Digital Workflow

Digital Imaging typically involves the following steps:

1. ACQUISITION. An image is scanned, electronically photographed or digitally rendered into the random access memory of a computer.

2. ON-LINE STORAGE. The acquired image is stored for further use in an accessible but secure location, preferably a departmental file-server. Ideally, no local copies are maintained elsewhere. By maintaining a single working copy of the image file in a central location, the confusion ensuing from a proliferation of derivative files in different locations is avoided. Only the owner or her designee can access the stored image, and nightly backup of the server guards against catastrophic loss.

3. PROCESSING. The image is adjusted for color balance, noise and sharpness, size, cropping, resolution, etc. The adjusted image remains on the file server in its original location.

4. COMPOSITION. If necessary, the image is annotated or composited with other information. This may include text labels, markers such as arrows or scale bars, and/or other images. The document containing the composed or annotated images is saved under a new name on the file server, leaving the constituent originals intact for future use.

5. ENCAPSULATION AND OUTPUT. The final document is either sent directly to an on-line printer or saved as a Postscript file for later output via any PostScript® device.

6. ARCHIVING. If there is no further immediate need for the image and related files, they are transferred from on-line storage to durable, inexpensive and carefully cataloged off-line media such as CD-ROM discs. This ensures future availability of the archived files and permits the system's on-line storage capacity to be recycled.

Digital Images

Because most computer monitors and printers are unable to produce smooth lines, they approximate them by drawing tiny squares of color called pixels (Picture ELements) of the smallest size feasible. This means that every digital image you are likely to encounter will be composed of pixels. A computer monitor might be able to draw 75 of these dots per inch (DPI) on its screen, while a standard B&W laser printer might manage 300 or 600 DPI on paper.

Bitmaps

Many images are simple arrays of pixels. This icon from Netscape® consists of 1024 pixels in a 32 by 32 matrix. Such an image has an inherent resolution. No matter how big or small the display of this image, it will always contain 1024 pixels. Stretched out over a large enough area, the pixels become conspicuous.

Images such as the Netscape Icon, scanned photographs and frames of digitized video are composed entirely of pixels in a rectangular array, and are referred to as bitmaps. These image are stored as a series of pixel color-values recorded at regular horizontal and vertical intervals. TIFF and GIF are common bitmap types.

Image Resolution

Objects

Even images composed purely of geometrically defined lines and shapes having no inherent resolution can be experienced only through the inevitable mesh of pixels generated by a monitor or printer. Text falls into this category, as well as diagrams created in Deneba Canvas®, Adobe Illustrator® or similar programs.
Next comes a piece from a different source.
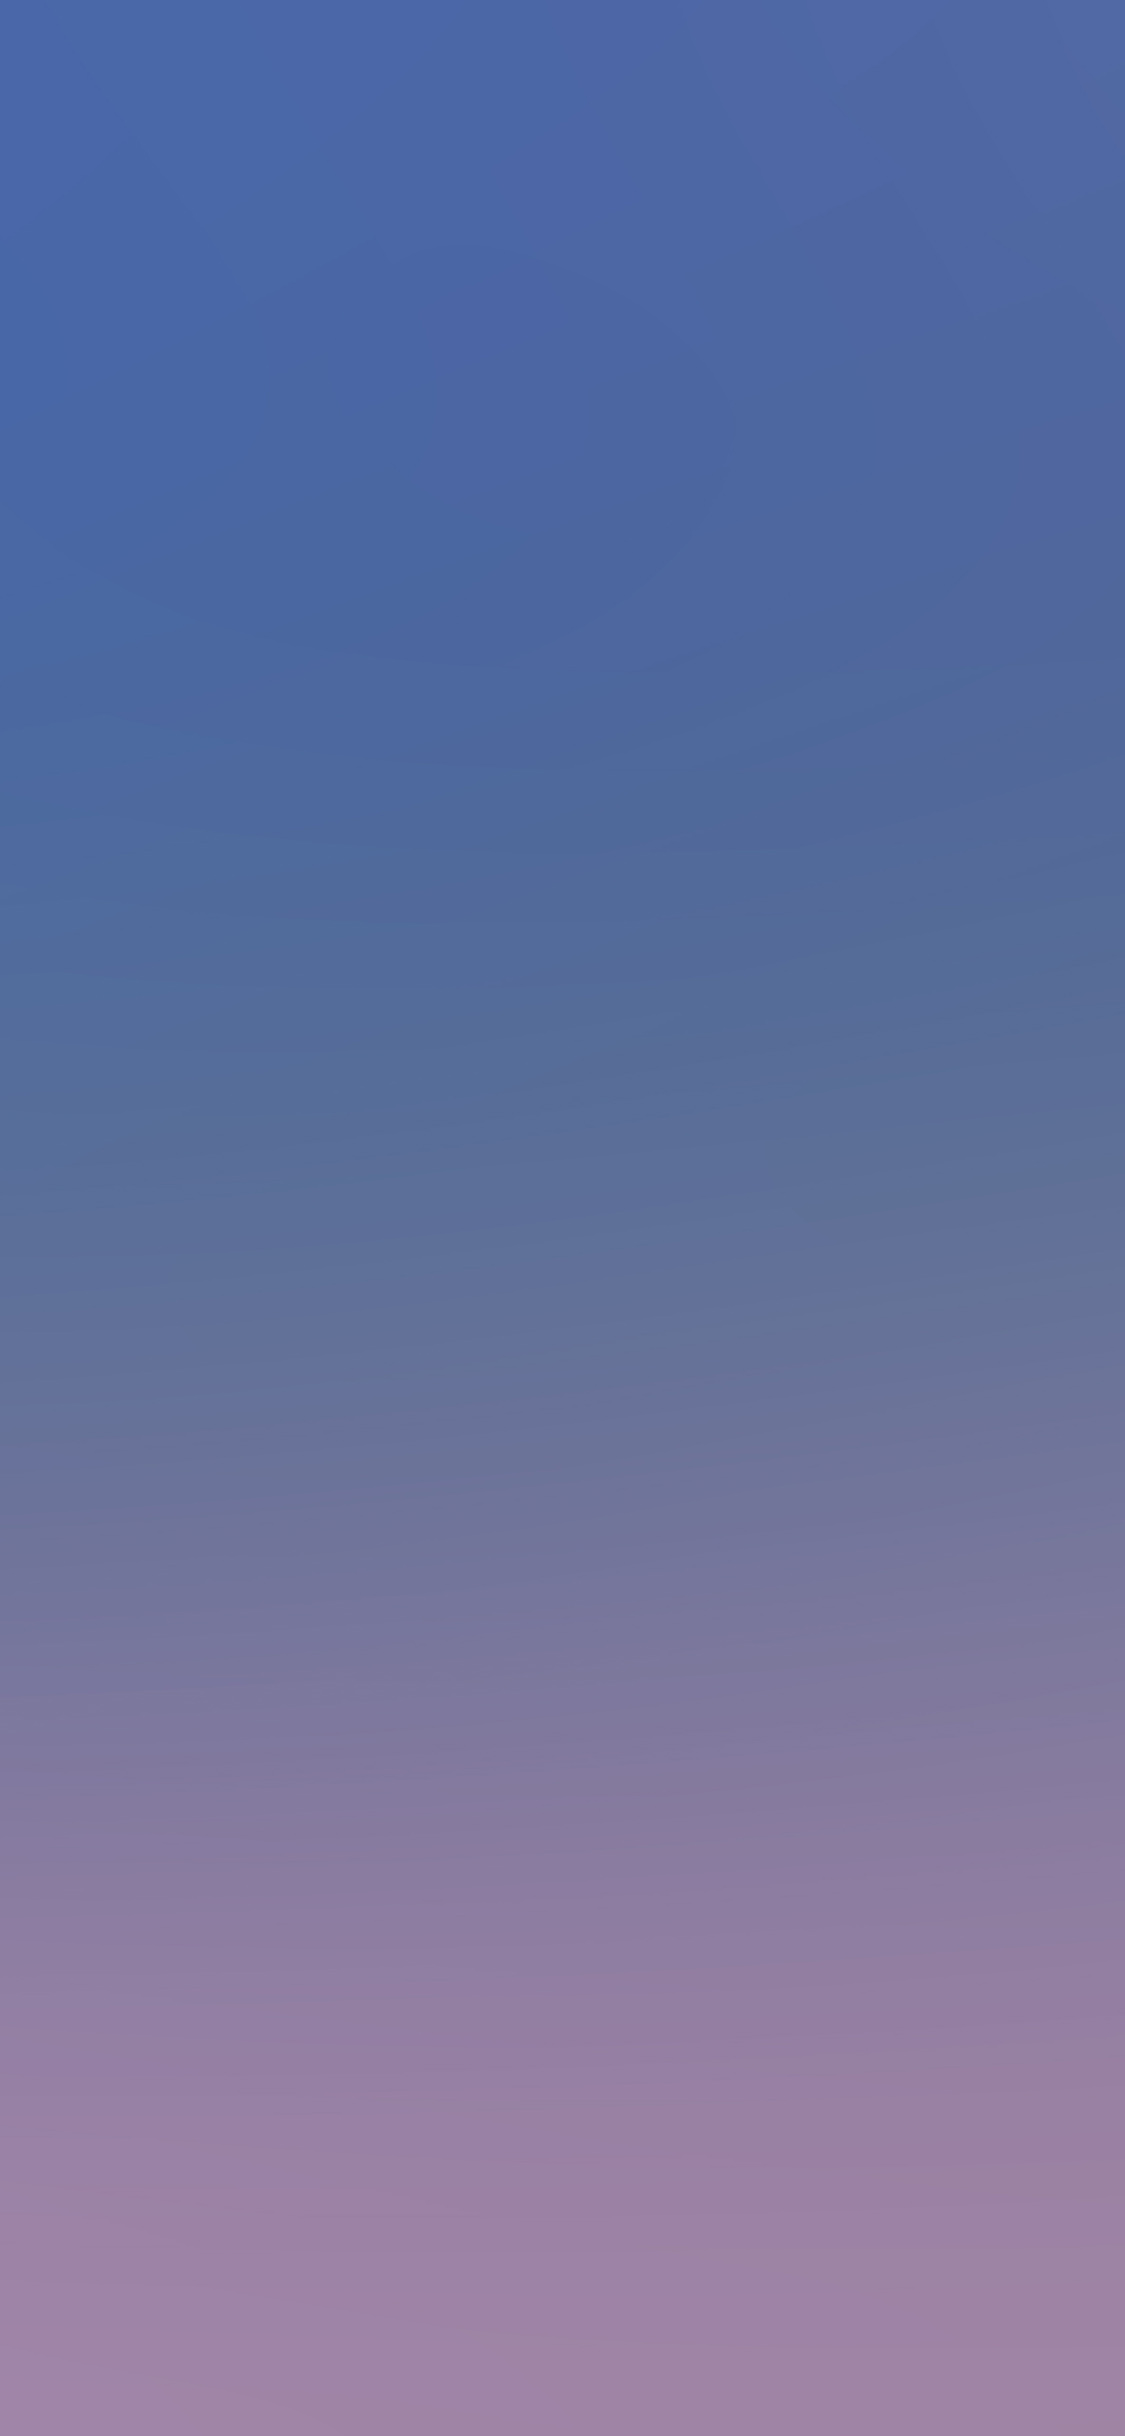 iPhone X wallpaper. blue purple soft light gradation blur

These will be drawn at the output resolution of whatever display device is being used at the moment.

Output Resolution

The display resolution of output devices will always determine the way you interact with your images:

CRT Displays

In Adobe Photoshop®, the relationship between image resolution and screen resolution is explicitly stated in the header of every image window. The legend 1:1, for example, indicates that every pixel in the image file is allocated a single corresponding pixel on the display monitor. Because computer monitors typically generate pixels that are larger than those used to originally capture images, the images as a whole are much larger on the display screen than they are when printed out on a device that generates smaller pixels, such as a laser printer. A legend of 1:2 indicates that Photoshop is displaying the information in the image at one-half of its actual density, while 2:1 would indicate that the image is being displayed at twice its actual density. Obviously, since we are discussing two-dimensional images, a pixel displayed at 2:1 will be represented by four screen pixels. The methods by which programs display images at resolutions of less than 1:1 can be quite complex, and the quality of the displayed images can vary considerably between programs. Because of this, and because of the inevitable elision of image content, critical judgments about such things as sharpness, noise and detail should be made at a display resolution of 1:1, even if this entails evaluating the image in portions.

Hardcopy

With the exception of images destined exclusively for electronic publication, the final product of most digital imaging is hardcopy output. This generally entails using ink, solid toner or light to inscribe an image onto film or paper. Failure to anticipate from the outset the peculiarities of the specific technology which will used to do this, and the circumstances under which the final product will be viewed will greatly complicate the entire process. The following criteria should be considered before the acquisition phase, if possible:

  • What are the content peculiarities of the image file?
  • What is the anticipated medium of the final output?
  • What is the anticipated size of the final output?
  • What is the anticipated resolution of the output device?
  • What are anticipated viewing conditions of the final output?